Whenever an image turns up, omit it and return the remaining data exactly.

## Provided data
....
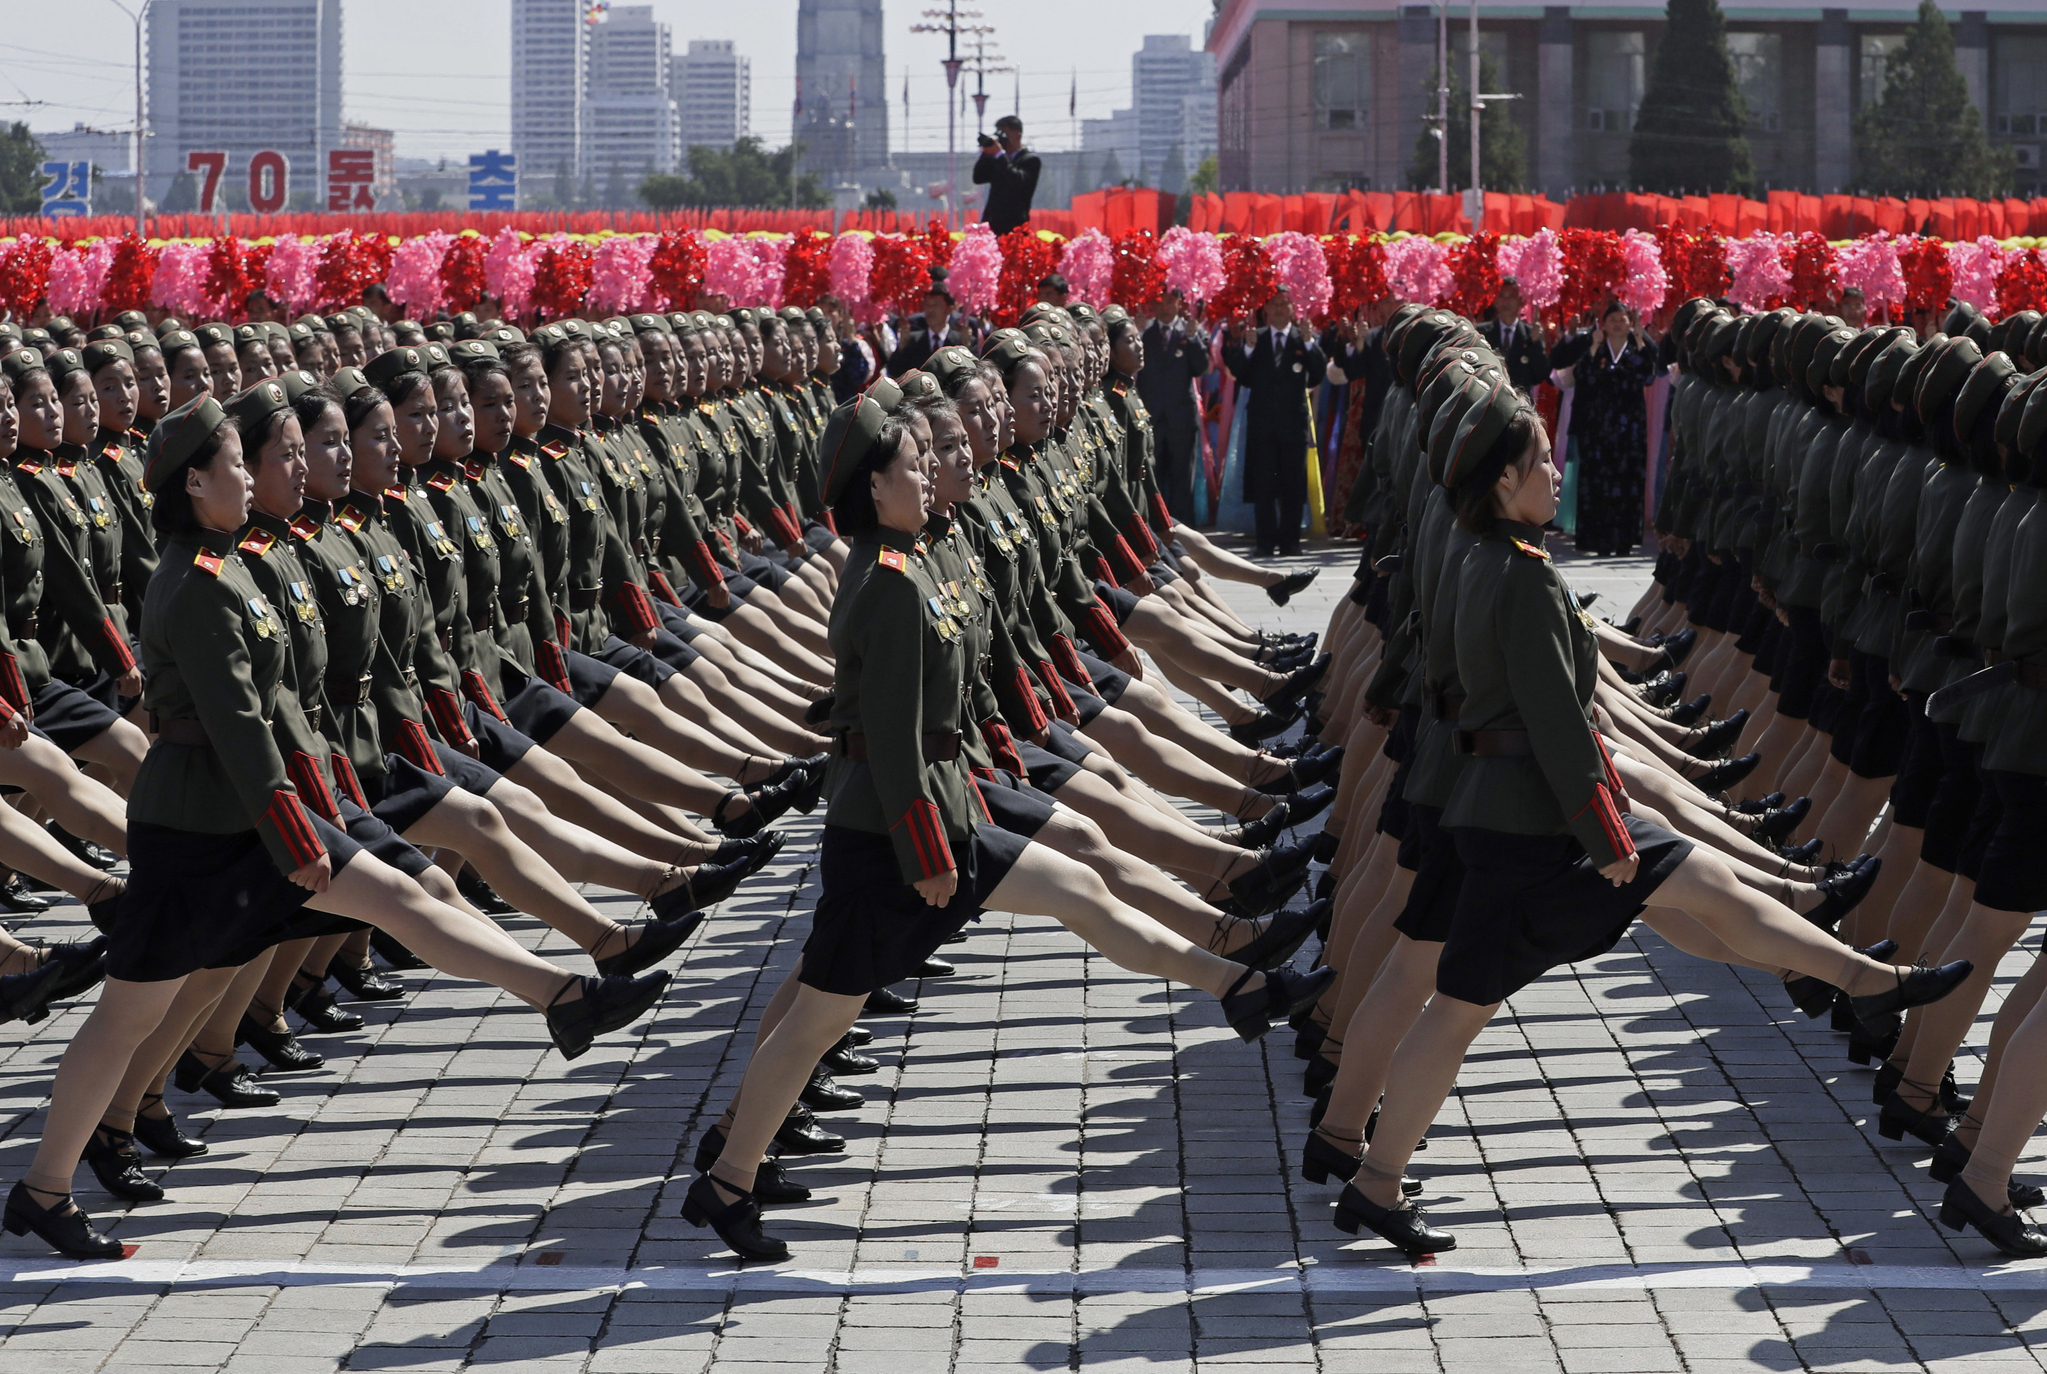 북한 정권수립 70주년 기념 열병식이 열린 9일 북한 평양 김일성 광장에서 퍼레이드를 펼치고 있는 북한 여군들.[AP=연합뉴스]
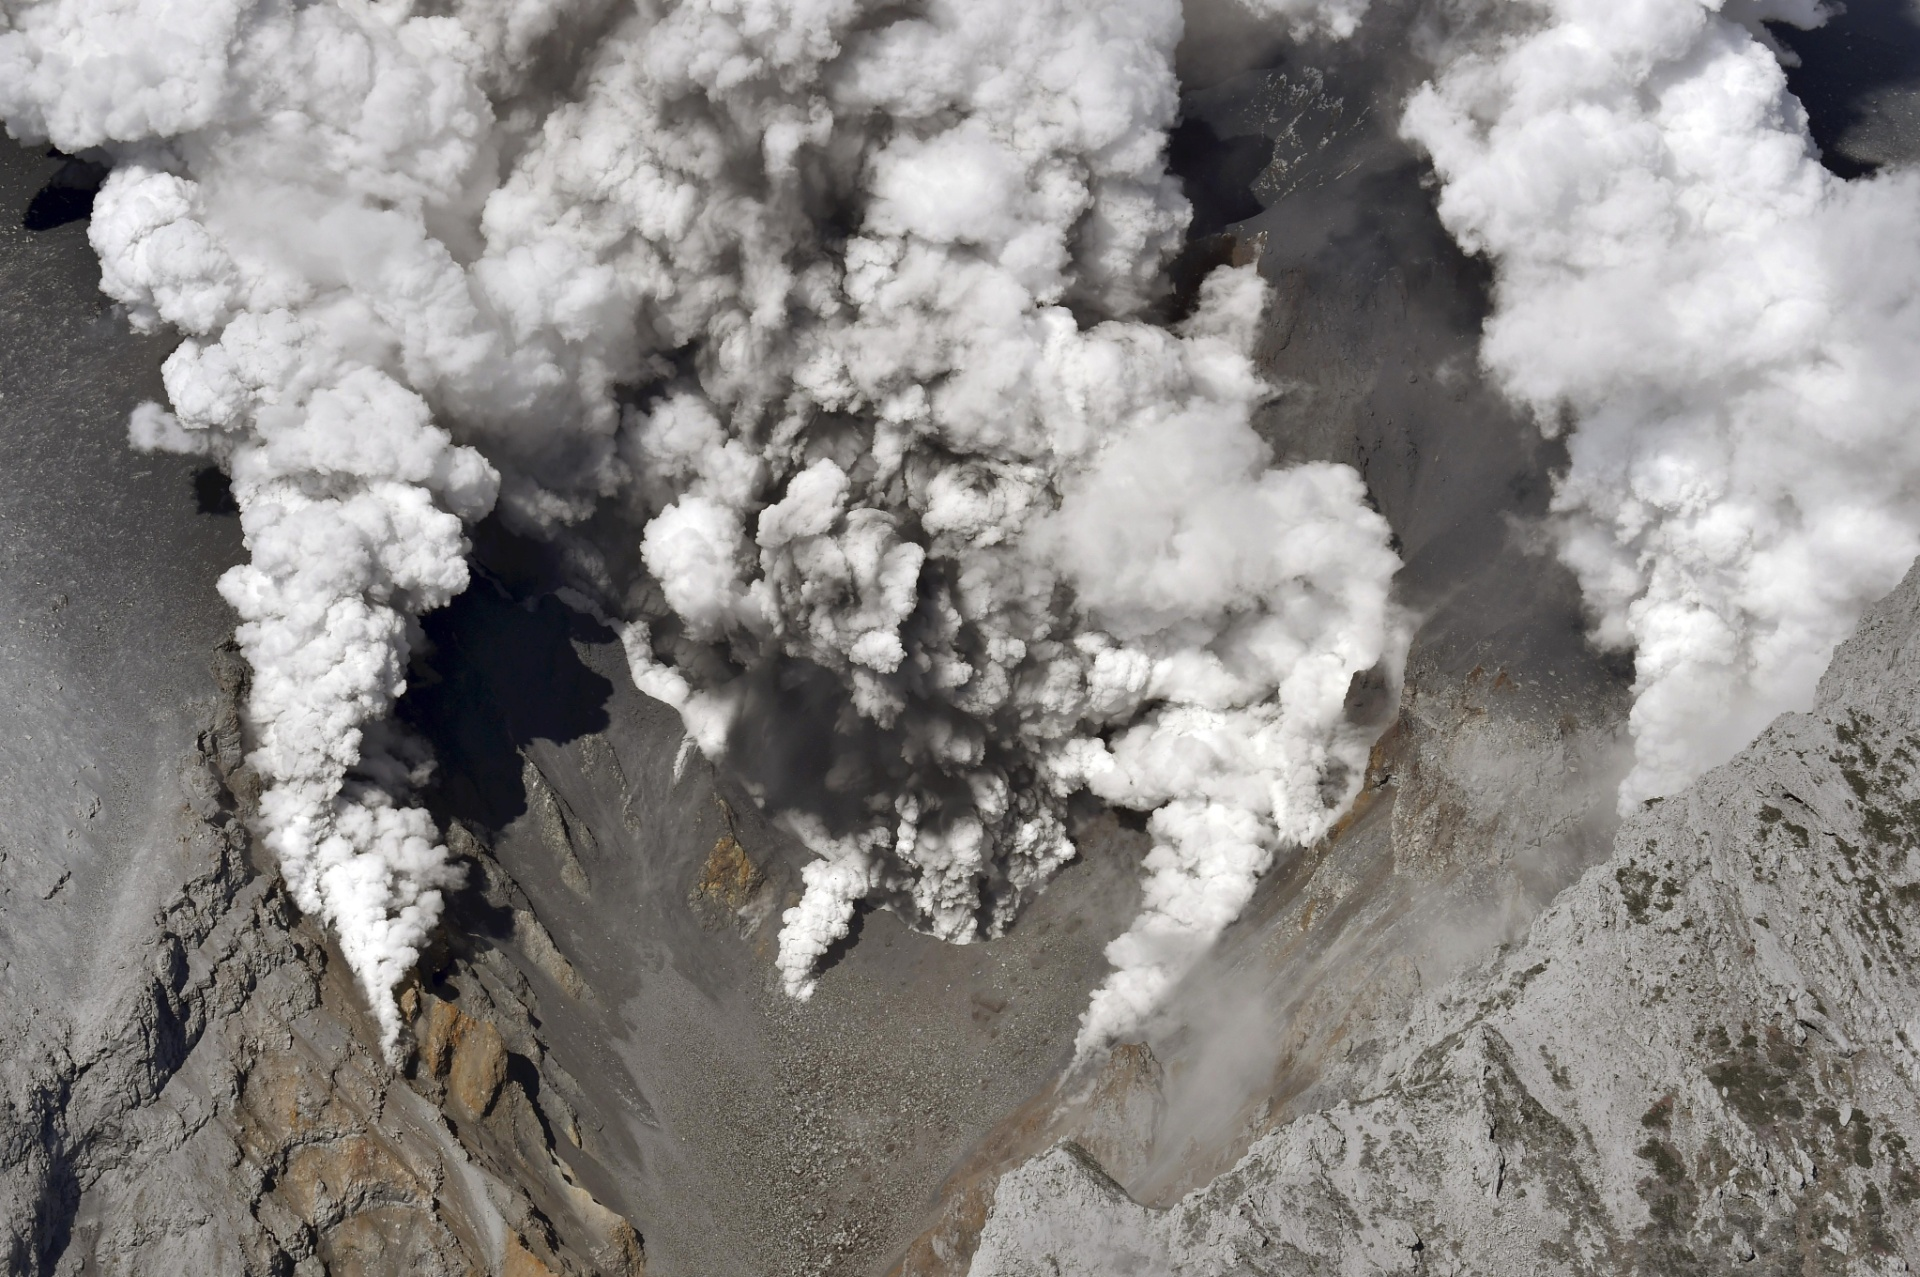 27.set.2014 - Monte Ontake, o segundo maior vulcão do Japão, entra em erupção. O departamento de bombeiros de Nagóia recebeu os avisos de oito pessoas que ficaram feridas por causa da erupção enquanto passeavam perto da montanha
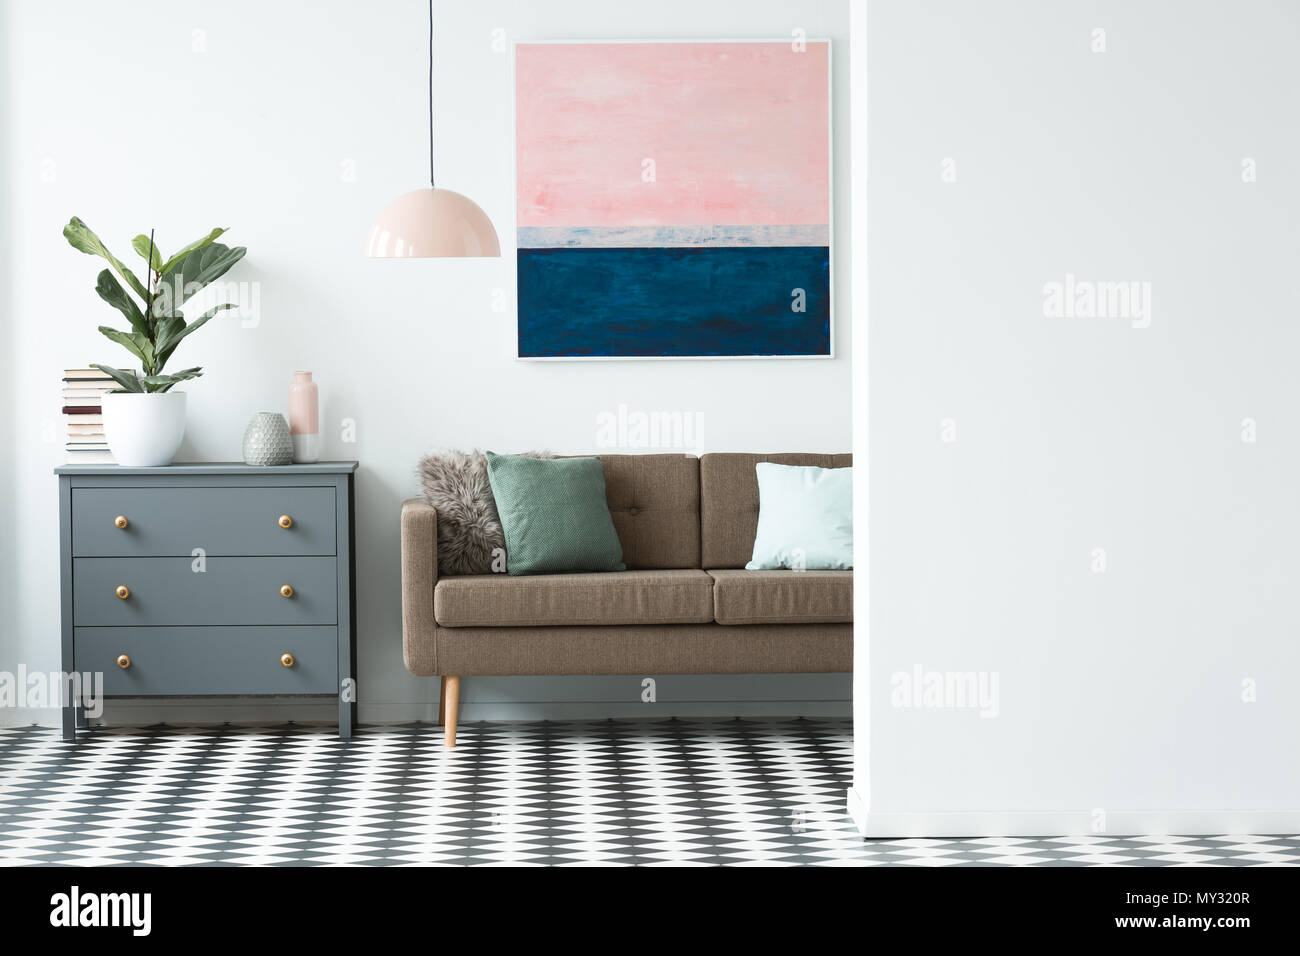 Echten Foto Von Einer Kommode Werk Braun Sofa Und Malerei In Ein
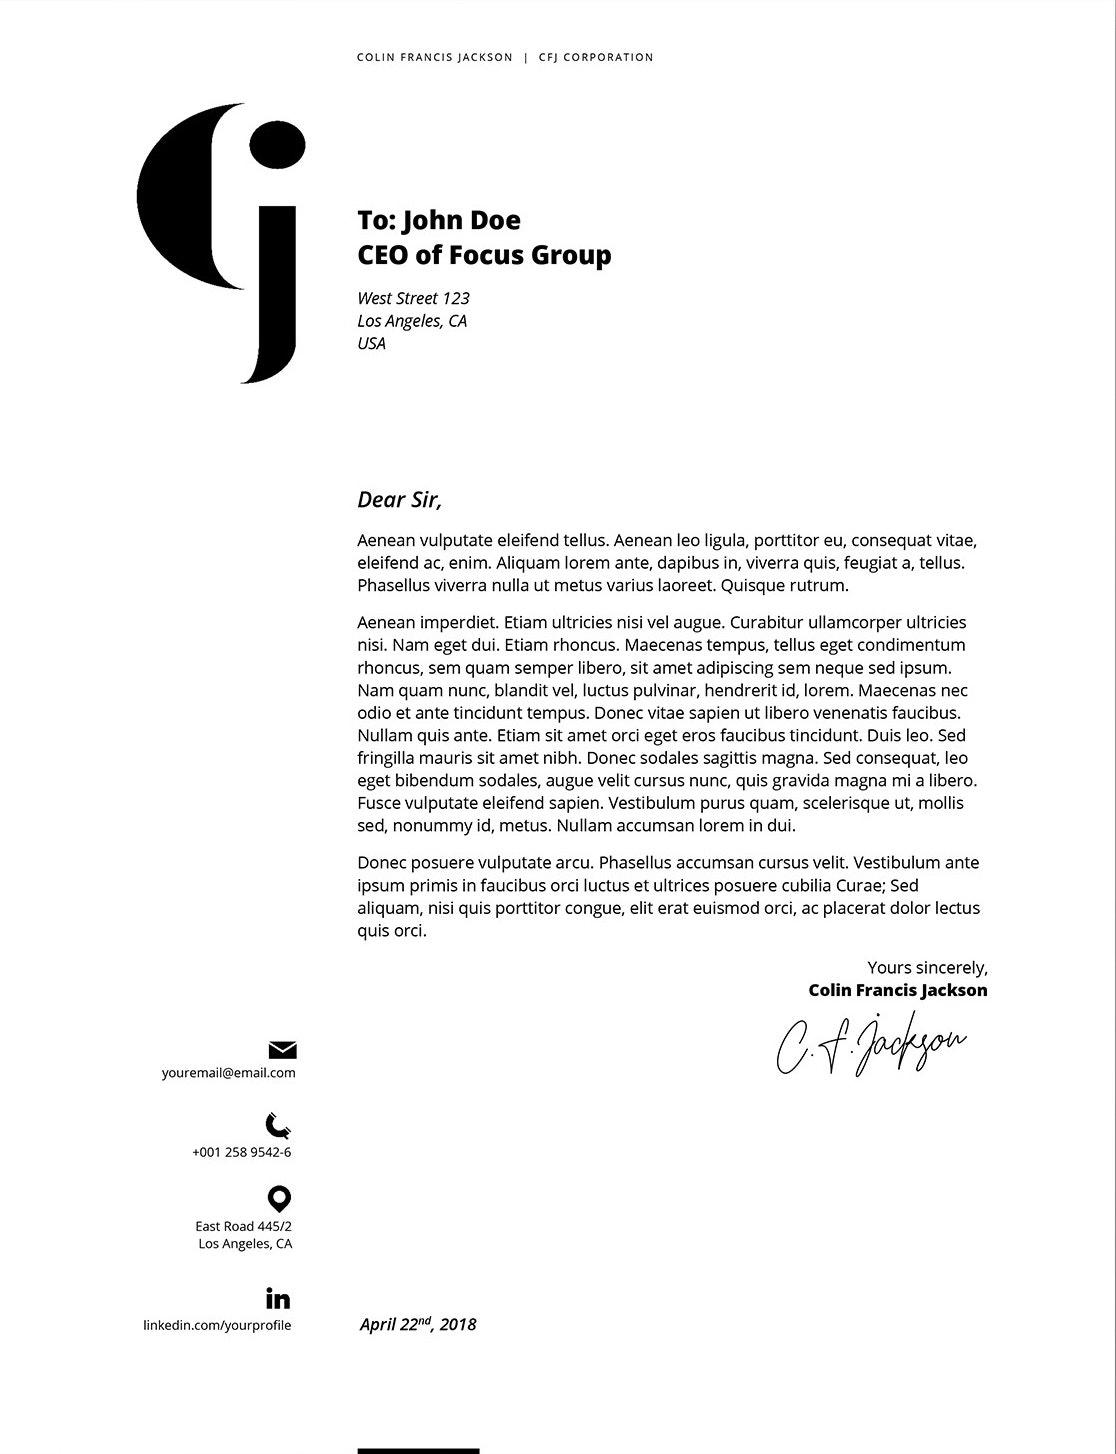 Minimal letterhead design
....
## Solution
 북한 정권수립 70주년 기념 열병식이 열린 9일 북한 평양 김일성 광장에서 퍼레이드를 펼치고 있는 북한 여군들.[AP=연합뉴스]
 27.set.2014 - Monte Ontake, o segundo maior vulcão do Japão, entra em erupção. O departamento de bombeiros de Nagóia recebeu os avisos de oito pessoas que ficaram feridas por causa da erupção enquanto passeavam perto da montanha
 Echten Foto Von Einer Kommode Werk Braun Sofa Und Malerei In Ein
 Minimal letterhead design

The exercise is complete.